## Data in this exercise
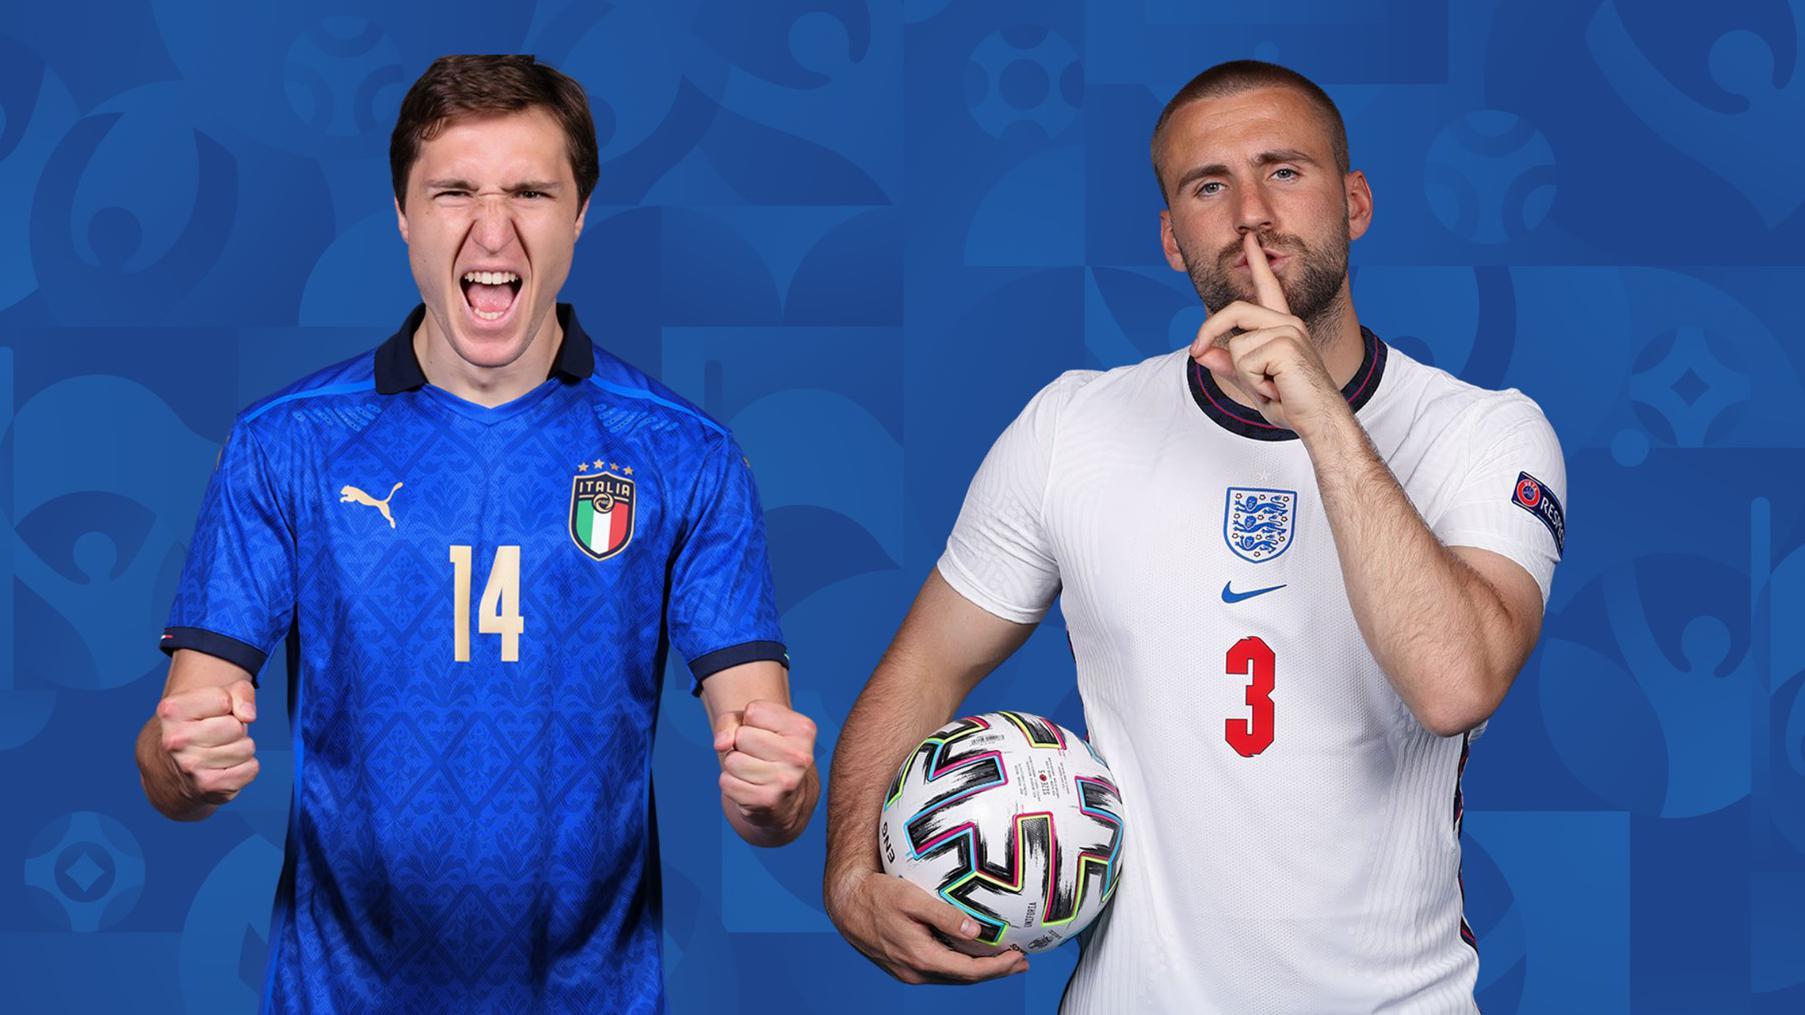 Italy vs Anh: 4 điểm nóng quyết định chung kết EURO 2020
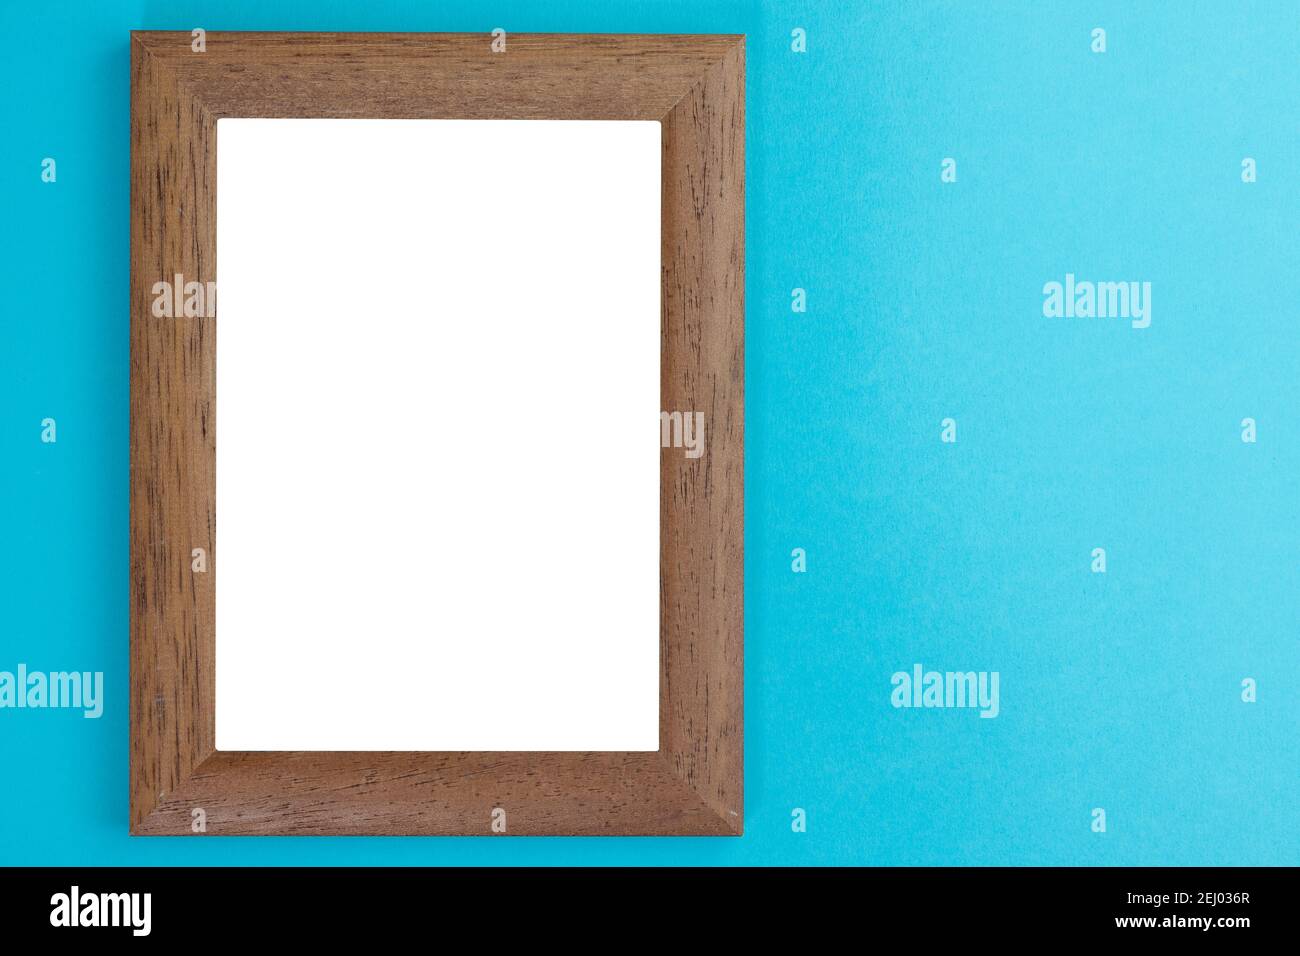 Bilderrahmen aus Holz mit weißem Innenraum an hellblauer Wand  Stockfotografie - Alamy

==

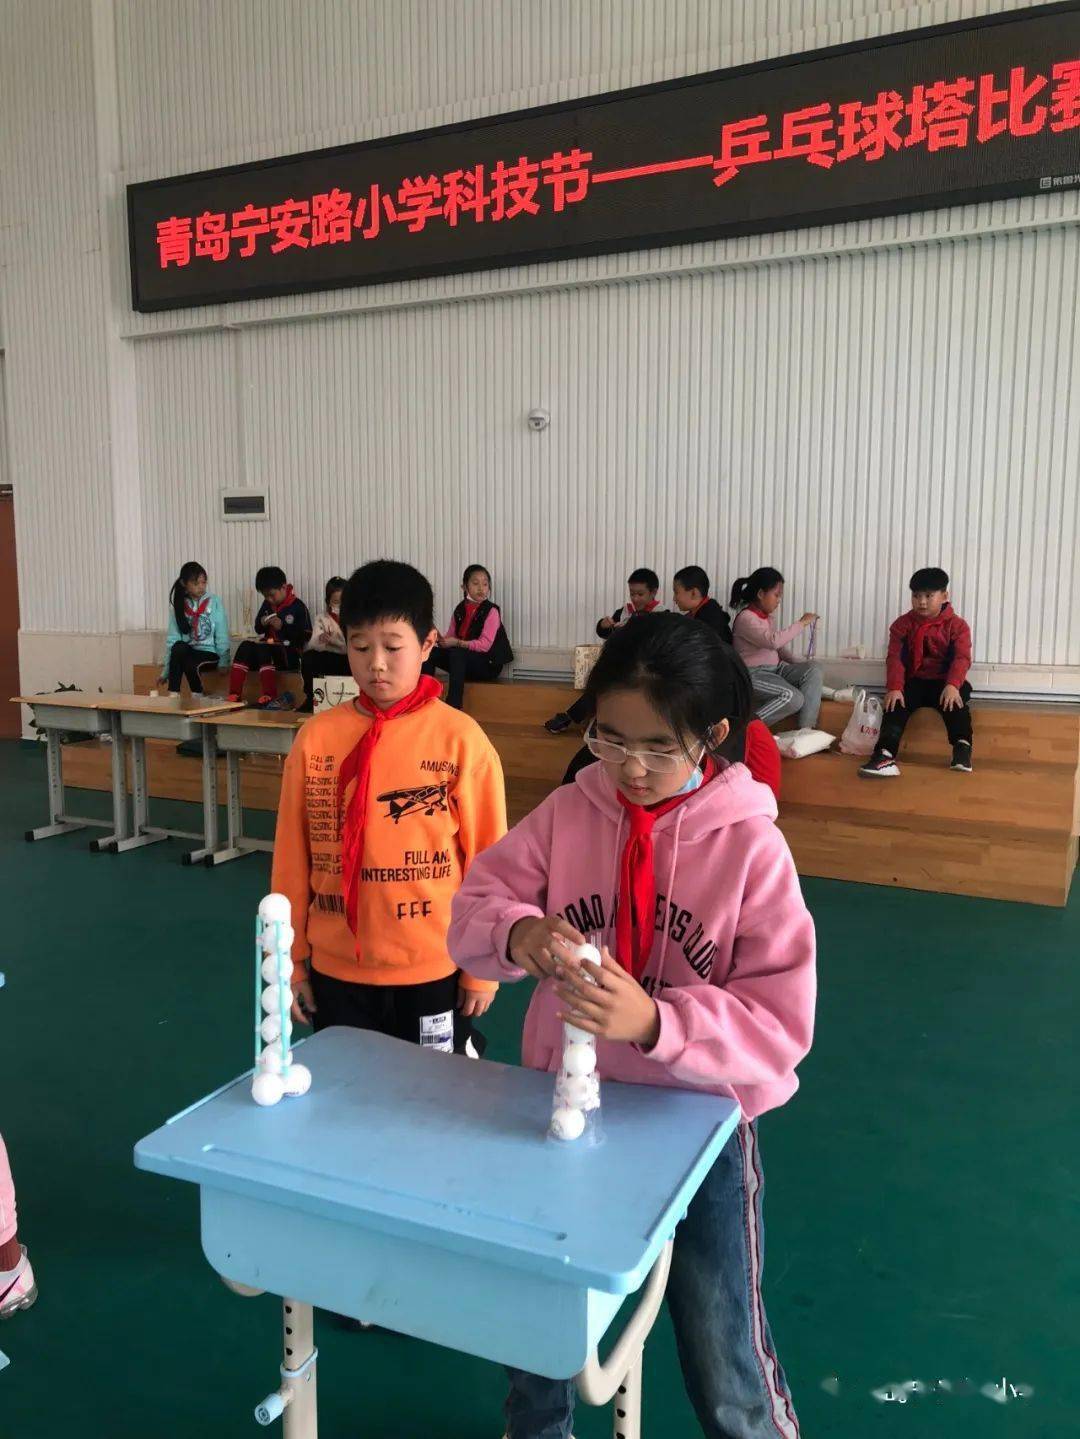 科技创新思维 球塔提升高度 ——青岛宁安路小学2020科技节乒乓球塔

## Task description
Nothing but the lines from the one containing "Italy vs Anh: 4" through the one containing "Bilderrahmen aus Holz" should appear, copied exactly from the material above and without pictures.

## Solution for this task
 Italy vs Anh: 4 điểm nóng quyết định chung kết EURO 2020
 Bilderrahmen aus Holz mit weißem Innenraum an hellblauer Wand  Stockfotografie - Alamy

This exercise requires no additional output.